Baixa no estoque de leite materno preocupa hospitais de BH
Doações estão abaixo do necessário nas maternidades da cidade, que tem somente dois bancos de leite humano
Foto: Bernardo Dias/CMBH
Trinta por cento abaixo do volume ideal. Esta é o déficit de leite materno na Maternidade Odete Valadares, que abriga um dos dois únicos bancos de leite existentes em Belo Horizonte. Dos 250 litros considerados ideais para manter o funcionamento, apenas 177 litros estão sendo arrecadados mensalmente pela maternidade. Os dados foram apresentados em audiência pública realizada pela Comissão de Mulheres nesta sexta-feira (10/6), que debateu, além da baixa nos estoques, a necessidade de divulgação e do aumento do número de locais de coleta e de armazenamento do leite. A reunião foi solicitada pelas vereadoras Professora Marli (PP) e Fernanda Pereira Altoé (Novo) e contou com a presença de especialistas dos Hospitais Odete Valadares, Odilon Behrens e das Clínicas. A boa notícia ficou por conta da inauguração, prevista para o próximo mês, de mais um novo banco de leite humano, que será instalado no Hospital das Clínicas.

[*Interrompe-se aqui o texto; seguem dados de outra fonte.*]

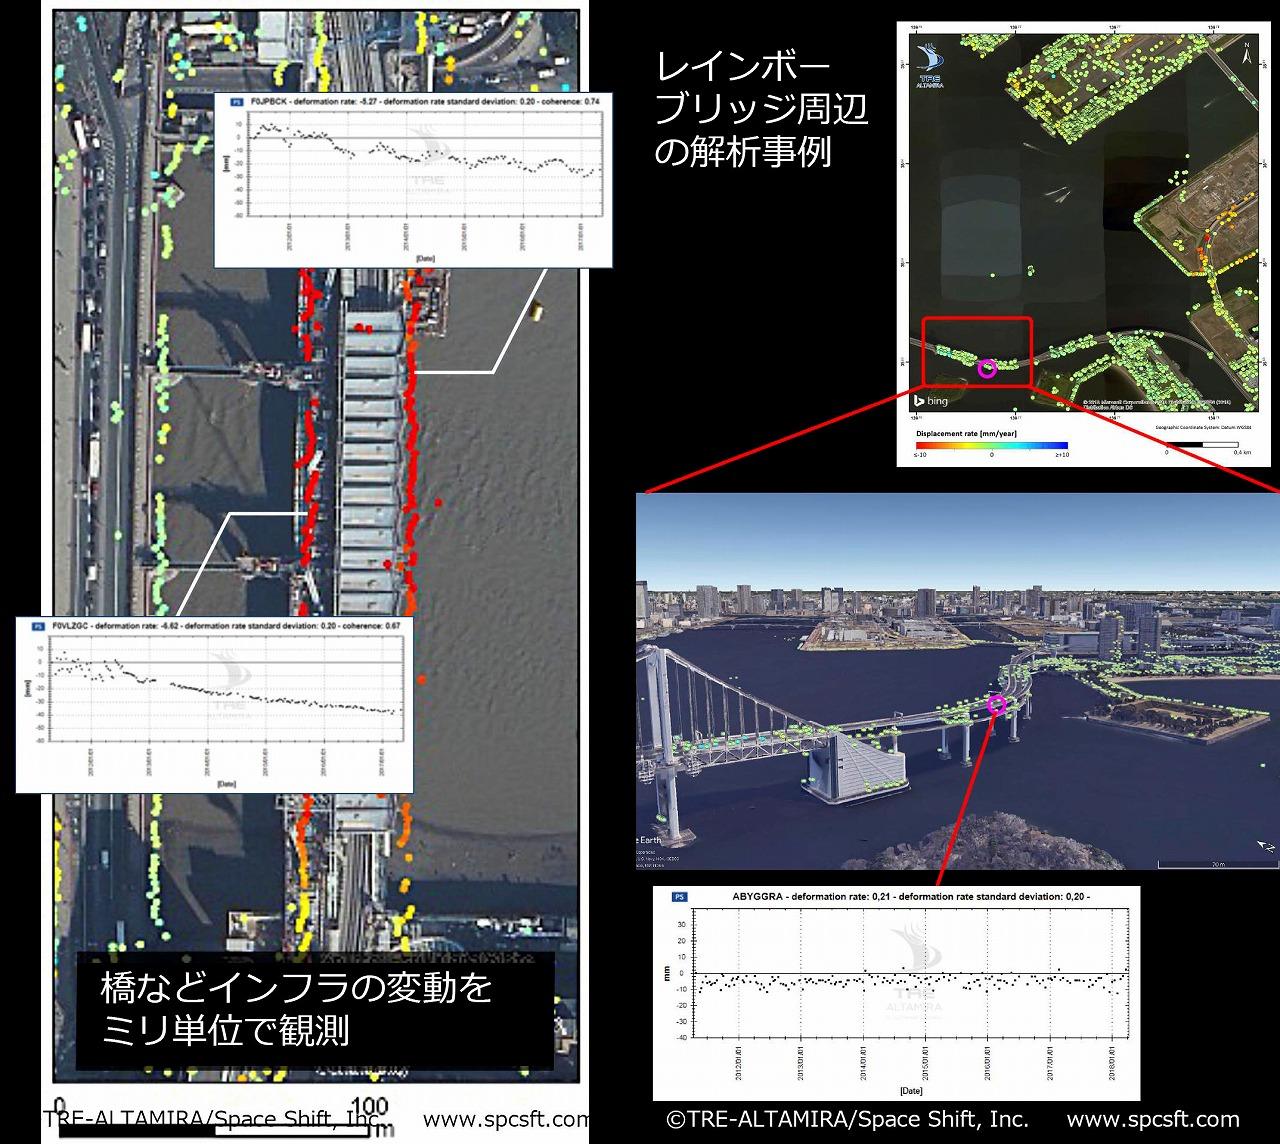 都市のデジタルツインを使った橋の変位計測の例

As evidências científicas indicam que bebês prematuros ou com patologias que se alimentam de leite humano no período de privação da amamentação possuem mais chances de recuperação e de terem uma vida mais saudável. Com o leite materno, o bebê prematuro ganha peso mais rápido, se desenvolve com mais saúde e fica protegido de infecções. A informação é reconhecida por todos os profissionais de saúde, mas colocá-la em prática ainda é um desafio para os hospitais e maternidades de muitas localidades brasileiras, incluindo Belo Horizonte. Contando apenas com dois bancos de leite humano capazes de coletar e pasteurizar o produto, a cidade vive um desabastecimento de leite materno que aflige quem trabalha na área.

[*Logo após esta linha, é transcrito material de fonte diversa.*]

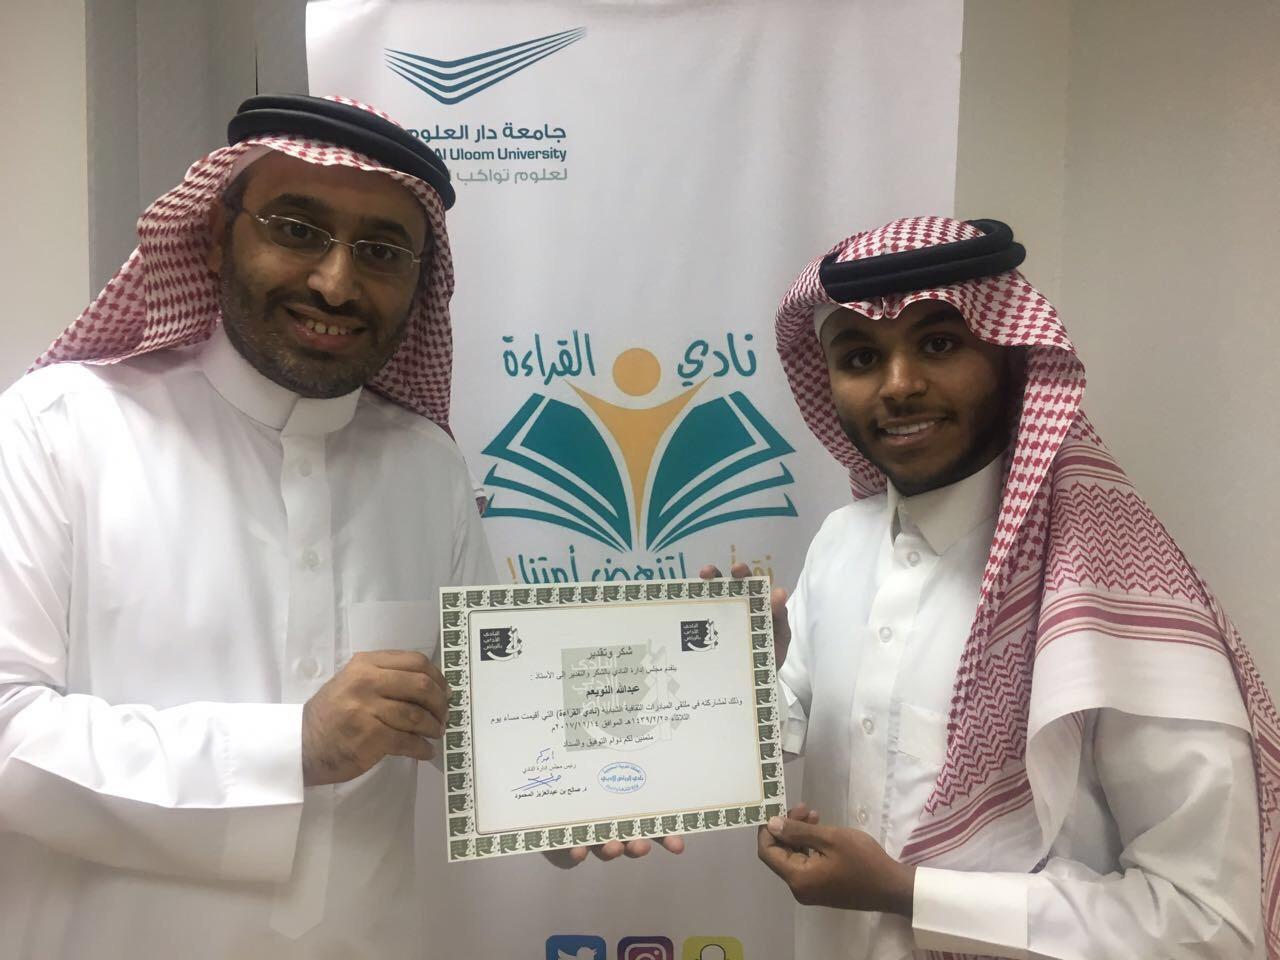 نادي القراءة يشارك في الملتقى الأول للمبادرات الثقافية للشباب

“Nós somos o 1º banco de leite do Estado e somos referência em Minas”, disse Maria Hercília Barbosa, psicóloga e coordenadora do banco de leite do Hospital Odete Valadares. Segundo ela, é preciso ampliar o número de unidades que fazem esse trabalho, pois não adianta somente coletar o leite, que precisa ser examinado e pasteurizado para, então, ser dado aos bebês que necessitam. Hercília deu como bom exemplo de trabalho na área a cidade de Brasília. De acordo com ela, na capital federal existem 20 bancos de leite e o trabalho de coleta é feito com a ajuda do Corpo de Bombeiros. “Brasília tem autossuficiência de leite que supre toda a necessidade da cidade”, explicou a psicóloga. Hercília disse ainda que nem todo banco precisa de uma estrutura grande como a do Odete. “Há bancos de leite menores, com equipe de até 10 pessoas, desde que tenham verba para comprar equipamento”, disse a psicóloga, salientando ainda que é fundamental que os administradores das maternidades entendam a importância de se ter uma estrutura como essa e que pensem no que chamou de saúde coletiva.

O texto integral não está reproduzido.